- [Work to complete]
Search the records for the string "Louis" and copy every line where it turns up.

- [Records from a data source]
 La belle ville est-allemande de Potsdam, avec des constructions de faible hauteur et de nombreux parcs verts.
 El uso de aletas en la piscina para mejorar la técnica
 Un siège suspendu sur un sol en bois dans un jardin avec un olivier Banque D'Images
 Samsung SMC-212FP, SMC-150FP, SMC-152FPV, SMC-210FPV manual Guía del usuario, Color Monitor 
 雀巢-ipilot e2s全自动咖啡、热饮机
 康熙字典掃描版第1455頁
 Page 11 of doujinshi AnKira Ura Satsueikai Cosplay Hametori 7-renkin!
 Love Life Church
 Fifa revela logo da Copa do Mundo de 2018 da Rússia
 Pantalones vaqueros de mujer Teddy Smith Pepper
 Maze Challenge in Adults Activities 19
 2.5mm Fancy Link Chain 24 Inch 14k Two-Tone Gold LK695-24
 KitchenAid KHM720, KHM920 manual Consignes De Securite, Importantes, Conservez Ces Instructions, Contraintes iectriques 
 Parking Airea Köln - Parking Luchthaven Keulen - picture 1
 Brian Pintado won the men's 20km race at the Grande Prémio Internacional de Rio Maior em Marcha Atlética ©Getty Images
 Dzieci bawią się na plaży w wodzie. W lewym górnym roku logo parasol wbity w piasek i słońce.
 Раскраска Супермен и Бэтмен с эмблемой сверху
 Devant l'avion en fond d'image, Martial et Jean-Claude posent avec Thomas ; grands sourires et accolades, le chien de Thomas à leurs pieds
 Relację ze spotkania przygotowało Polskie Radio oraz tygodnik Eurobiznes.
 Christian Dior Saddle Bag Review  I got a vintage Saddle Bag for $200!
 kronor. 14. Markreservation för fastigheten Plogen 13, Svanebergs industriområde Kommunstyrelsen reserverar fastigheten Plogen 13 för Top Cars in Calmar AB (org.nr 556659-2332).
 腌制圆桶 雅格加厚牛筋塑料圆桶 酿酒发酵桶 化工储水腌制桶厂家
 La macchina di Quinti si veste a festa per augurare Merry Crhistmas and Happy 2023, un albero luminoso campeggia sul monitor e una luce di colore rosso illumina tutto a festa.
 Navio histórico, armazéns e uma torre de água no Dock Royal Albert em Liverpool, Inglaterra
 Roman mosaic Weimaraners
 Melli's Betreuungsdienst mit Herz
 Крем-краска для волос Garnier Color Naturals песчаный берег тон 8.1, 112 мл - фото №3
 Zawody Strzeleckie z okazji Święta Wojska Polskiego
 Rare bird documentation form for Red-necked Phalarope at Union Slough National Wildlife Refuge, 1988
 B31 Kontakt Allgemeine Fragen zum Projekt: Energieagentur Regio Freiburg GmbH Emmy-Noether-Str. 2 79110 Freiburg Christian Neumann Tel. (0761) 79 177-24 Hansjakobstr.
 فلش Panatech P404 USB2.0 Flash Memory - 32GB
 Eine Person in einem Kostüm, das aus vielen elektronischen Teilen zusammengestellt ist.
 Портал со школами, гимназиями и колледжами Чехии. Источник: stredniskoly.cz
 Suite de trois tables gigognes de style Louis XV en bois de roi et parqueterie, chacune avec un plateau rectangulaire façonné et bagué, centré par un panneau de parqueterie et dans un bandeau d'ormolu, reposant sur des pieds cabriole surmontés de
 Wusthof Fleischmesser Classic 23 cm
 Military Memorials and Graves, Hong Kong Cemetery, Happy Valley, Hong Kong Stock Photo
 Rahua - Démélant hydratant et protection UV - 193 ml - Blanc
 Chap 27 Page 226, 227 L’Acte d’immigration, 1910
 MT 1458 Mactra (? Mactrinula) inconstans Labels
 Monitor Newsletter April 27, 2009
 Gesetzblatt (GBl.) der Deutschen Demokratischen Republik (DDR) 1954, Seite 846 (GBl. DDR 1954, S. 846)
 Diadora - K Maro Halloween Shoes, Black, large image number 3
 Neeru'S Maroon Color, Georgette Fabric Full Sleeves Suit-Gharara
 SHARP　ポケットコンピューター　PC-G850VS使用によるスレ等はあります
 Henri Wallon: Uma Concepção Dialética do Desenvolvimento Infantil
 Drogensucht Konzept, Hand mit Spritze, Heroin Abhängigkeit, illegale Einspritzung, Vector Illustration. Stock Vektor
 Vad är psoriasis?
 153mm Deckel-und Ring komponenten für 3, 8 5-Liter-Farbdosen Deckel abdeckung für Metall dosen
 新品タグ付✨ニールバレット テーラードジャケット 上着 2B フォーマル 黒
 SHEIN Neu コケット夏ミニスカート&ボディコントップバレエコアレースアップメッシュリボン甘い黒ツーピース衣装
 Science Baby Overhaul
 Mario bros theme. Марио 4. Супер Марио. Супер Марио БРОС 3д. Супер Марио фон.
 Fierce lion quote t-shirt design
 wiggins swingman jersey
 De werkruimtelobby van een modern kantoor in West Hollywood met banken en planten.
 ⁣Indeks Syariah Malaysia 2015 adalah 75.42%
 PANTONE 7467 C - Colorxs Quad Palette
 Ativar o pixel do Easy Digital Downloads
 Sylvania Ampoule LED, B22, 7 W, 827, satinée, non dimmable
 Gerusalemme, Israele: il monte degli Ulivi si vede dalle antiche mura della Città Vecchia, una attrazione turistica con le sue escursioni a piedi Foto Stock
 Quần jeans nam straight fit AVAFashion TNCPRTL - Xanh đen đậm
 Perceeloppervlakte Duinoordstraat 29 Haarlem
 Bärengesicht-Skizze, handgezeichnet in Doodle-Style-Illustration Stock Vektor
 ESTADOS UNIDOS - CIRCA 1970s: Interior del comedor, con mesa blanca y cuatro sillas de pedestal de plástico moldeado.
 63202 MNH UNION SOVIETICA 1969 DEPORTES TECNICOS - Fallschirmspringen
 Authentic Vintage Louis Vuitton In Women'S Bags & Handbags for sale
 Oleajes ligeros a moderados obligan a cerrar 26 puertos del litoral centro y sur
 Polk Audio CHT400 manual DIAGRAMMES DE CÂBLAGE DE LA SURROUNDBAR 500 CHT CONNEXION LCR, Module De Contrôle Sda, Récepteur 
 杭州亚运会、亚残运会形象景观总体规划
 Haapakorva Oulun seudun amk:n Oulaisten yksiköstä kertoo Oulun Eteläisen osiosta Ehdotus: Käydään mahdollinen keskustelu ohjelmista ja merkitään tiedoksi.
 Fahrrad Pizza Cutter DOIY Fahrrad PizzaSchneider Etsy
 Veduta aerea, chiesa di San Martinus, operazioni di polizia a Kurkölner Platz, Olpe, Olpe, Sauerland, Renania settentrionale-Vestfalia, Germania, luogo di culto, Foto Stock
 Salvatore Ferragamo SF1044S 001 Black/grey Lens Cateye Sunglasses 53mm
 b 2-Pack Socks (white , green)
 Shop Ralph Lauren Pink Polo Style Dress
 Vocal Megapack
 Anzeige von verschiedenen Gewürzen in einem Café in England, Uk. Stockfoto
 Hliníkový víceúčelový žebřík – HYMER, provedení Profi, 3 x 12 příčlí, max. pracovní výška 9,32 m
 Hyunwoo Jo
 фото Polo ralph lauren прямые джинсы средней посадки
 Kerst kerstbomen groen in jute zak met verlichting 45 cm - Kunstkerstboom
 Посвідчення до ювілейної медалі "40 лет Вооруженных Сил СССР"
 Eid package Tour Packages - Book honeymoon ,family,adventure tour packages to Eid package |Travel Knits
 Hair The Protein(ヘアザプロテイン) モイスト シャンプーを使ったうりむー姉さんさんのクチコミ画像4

- [Answer section]
 Suite de trois tables gigognes de style Louis XV en bois de roi et parqueterie, chacune avec un plateau rectangulaire façonné et bagué, centré par un panneau de parqueterie et dans un bandeau d'ormolu, reposant sur des pieds cabriole surmontés de
 Authentic Vintage Louis Vuitton In Women'S Bags & Handbags for sale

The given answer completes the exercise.